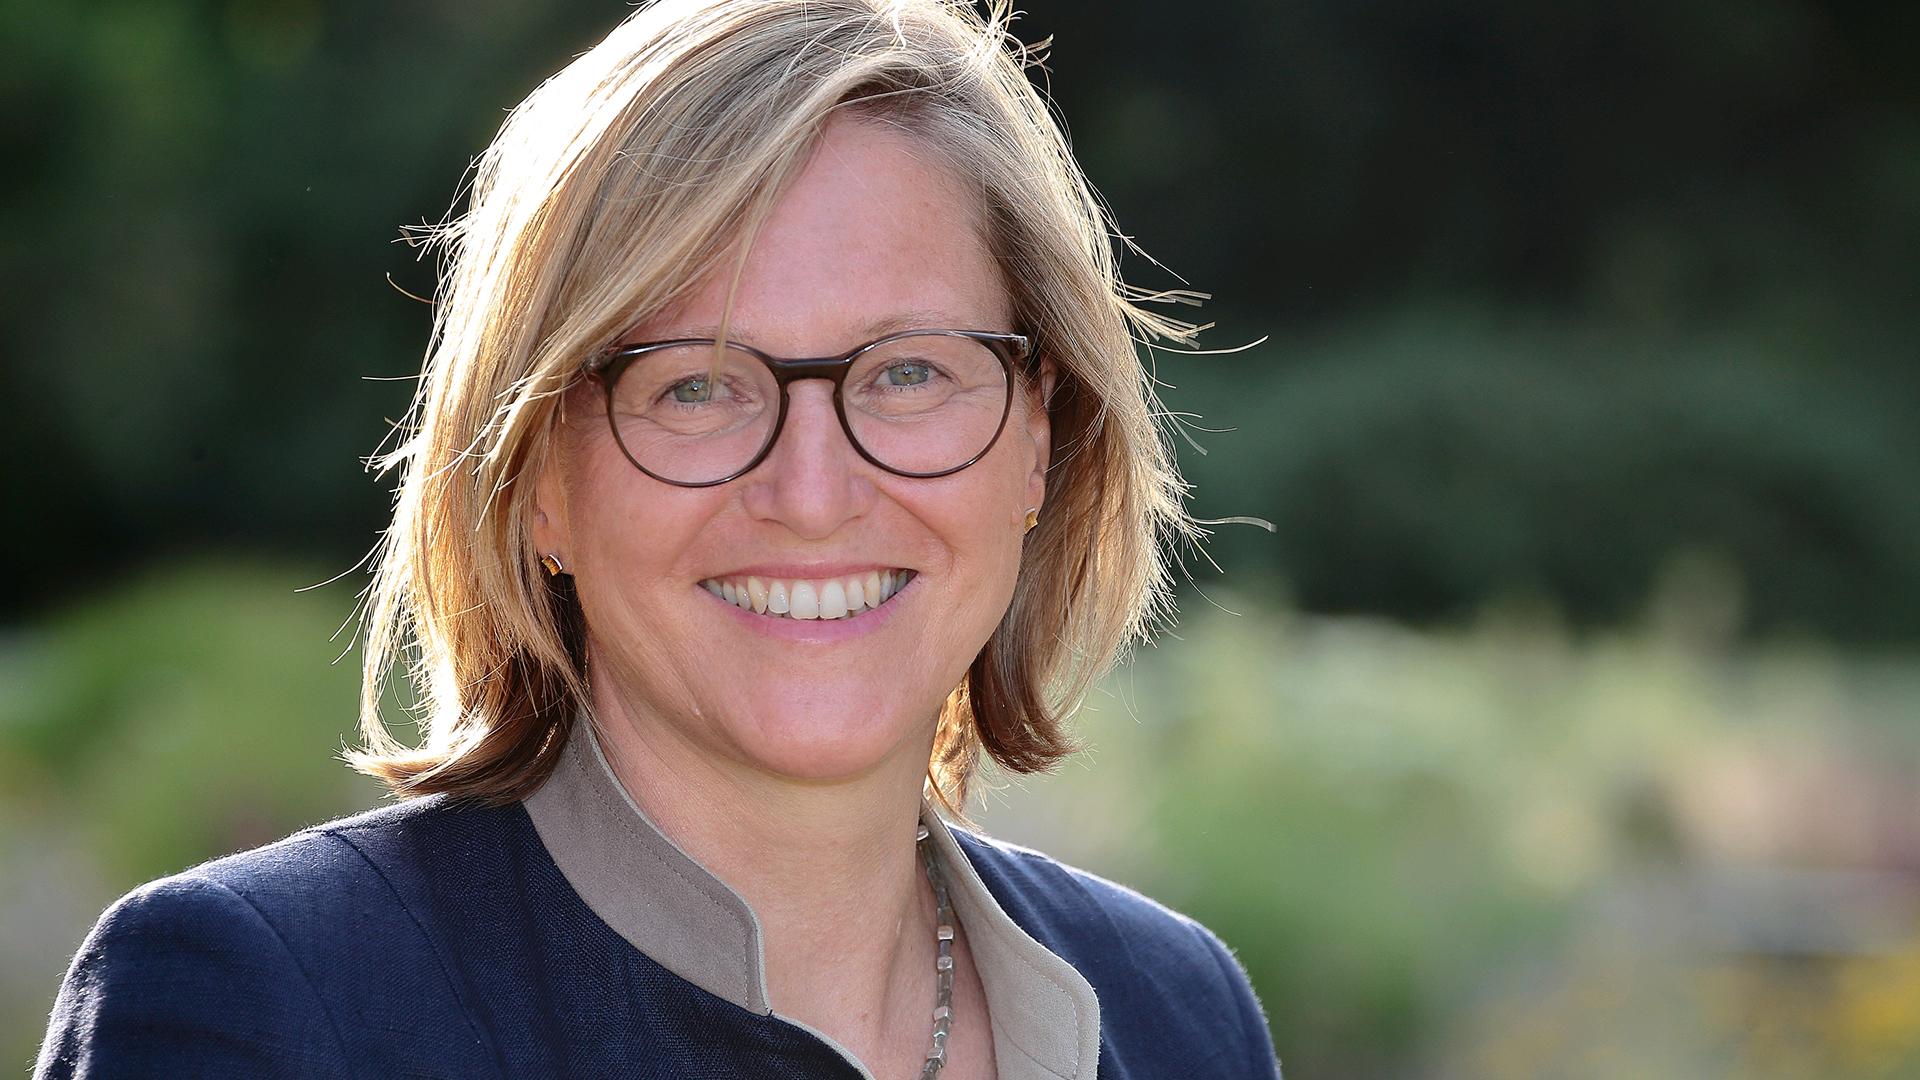 Bürgermeisterin Dr. Sabine Michalek möchte die gesamte Stadtgesellschaft partizipativ am Digitalprozess beteiligen. Foto: privat
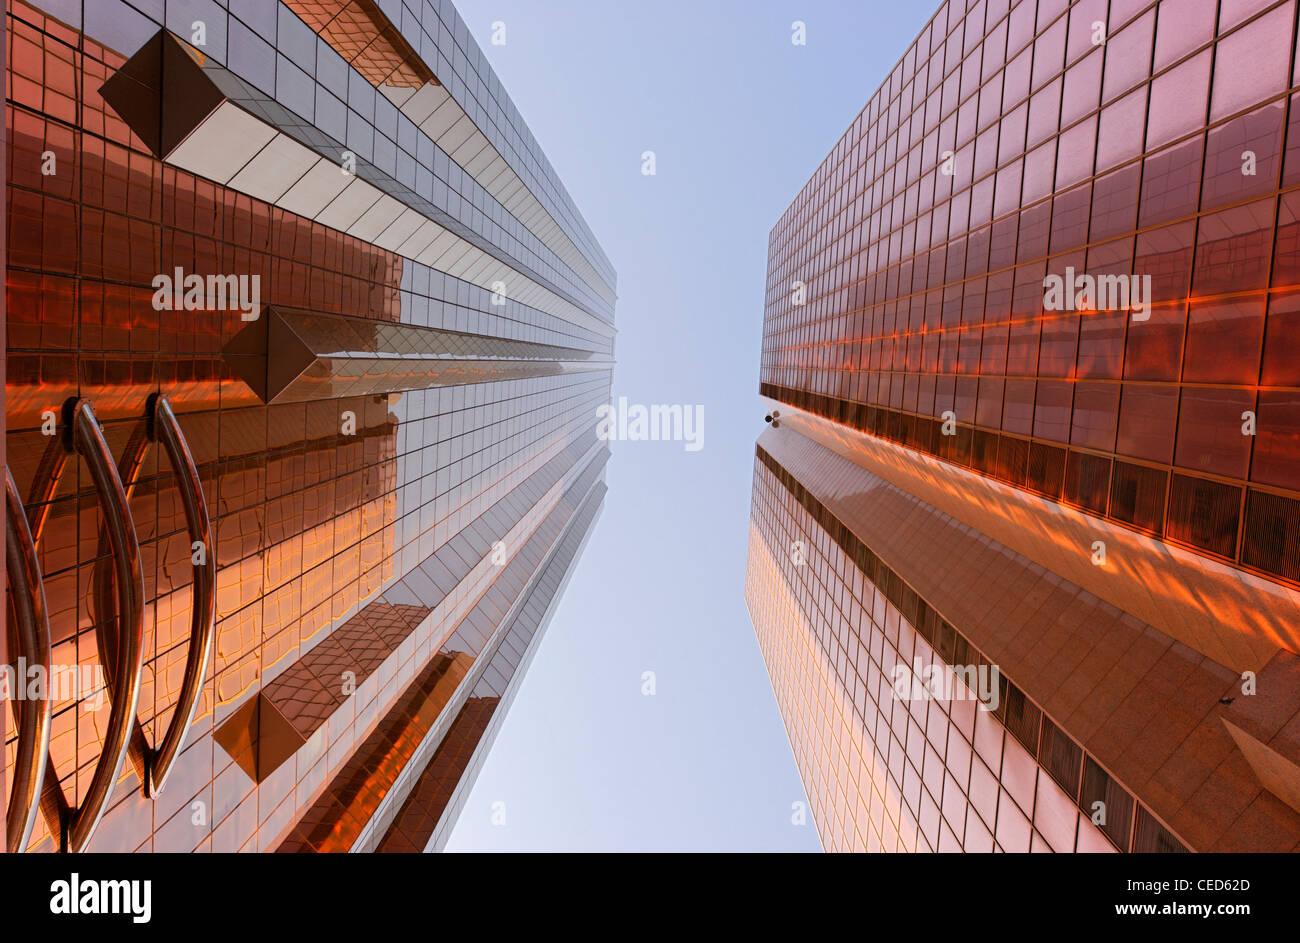 Copper-colored facades of office towers, modern architecture, Sheikh Zayed Road, Al Satwa, Dubai, United Arab Emirates Stock Foto
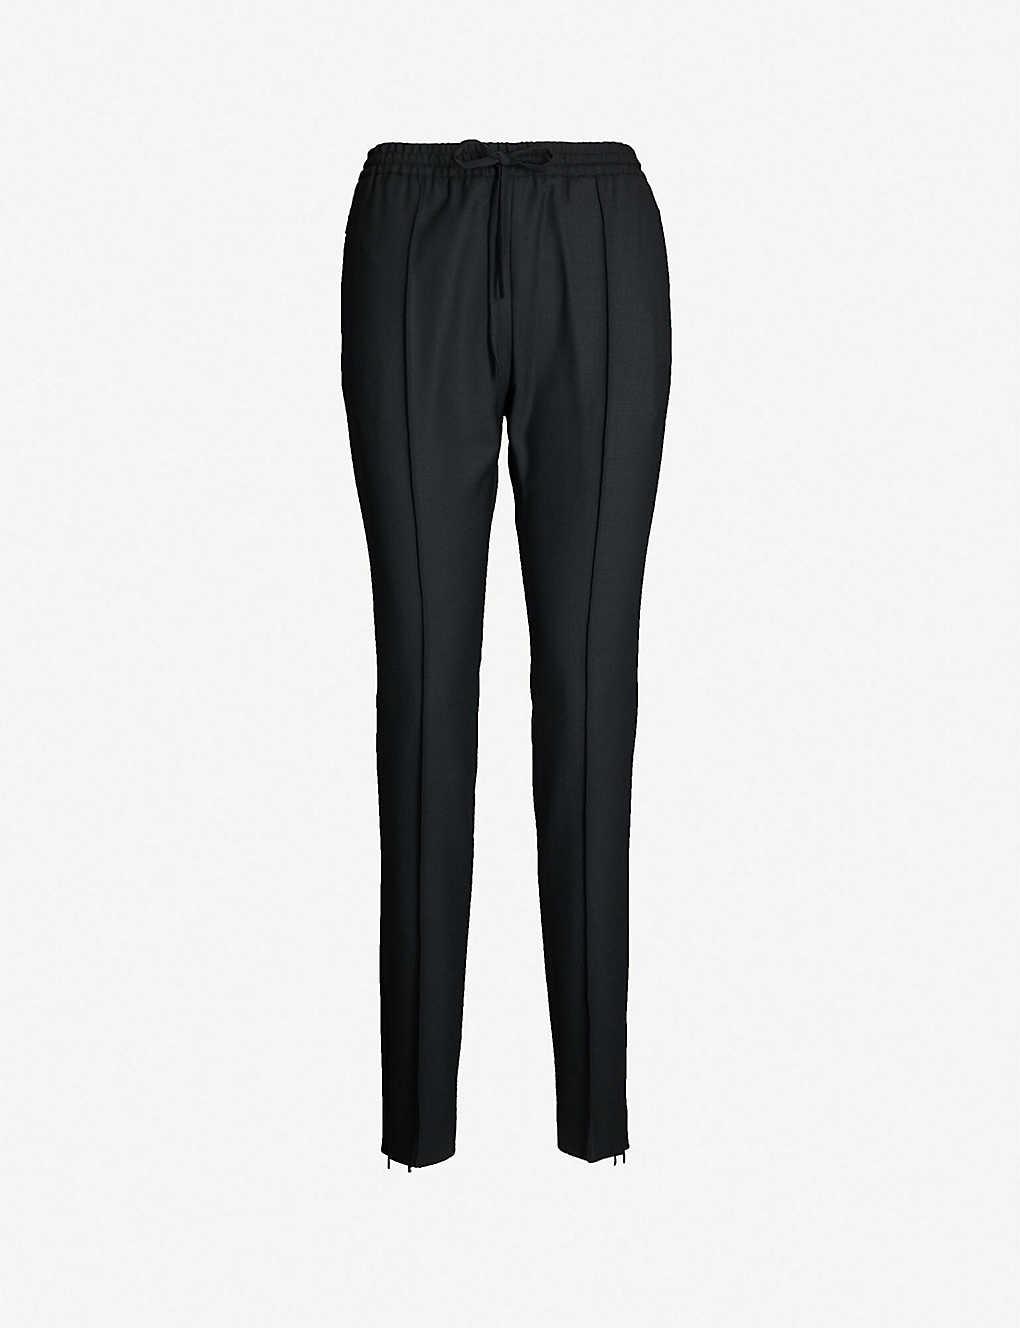 4f7b18e7aa3 JOSEPH - New Dallas Comfort elasticated-waist slim-fit trousers ...
- - - -
**Task to complete**
Restate all of the material above word for word, excluding the pictures.

**Answer below**
 Bürgermeisterin Dr. Sabine Michalek möchte die gesamte Stadtgesellschaft partizipativ am Digitalprozess beteiligen. Foto: privat
 Copper-colored facades of office towers, modern architecture, Sheikh Zayed Road, Al Satwa, Dubai, United Arab Emirates Stock Foto
 4f7b18e7aa3 JOSEPH - New Dallas Comfort elasticated-waist slim-fit trousers ...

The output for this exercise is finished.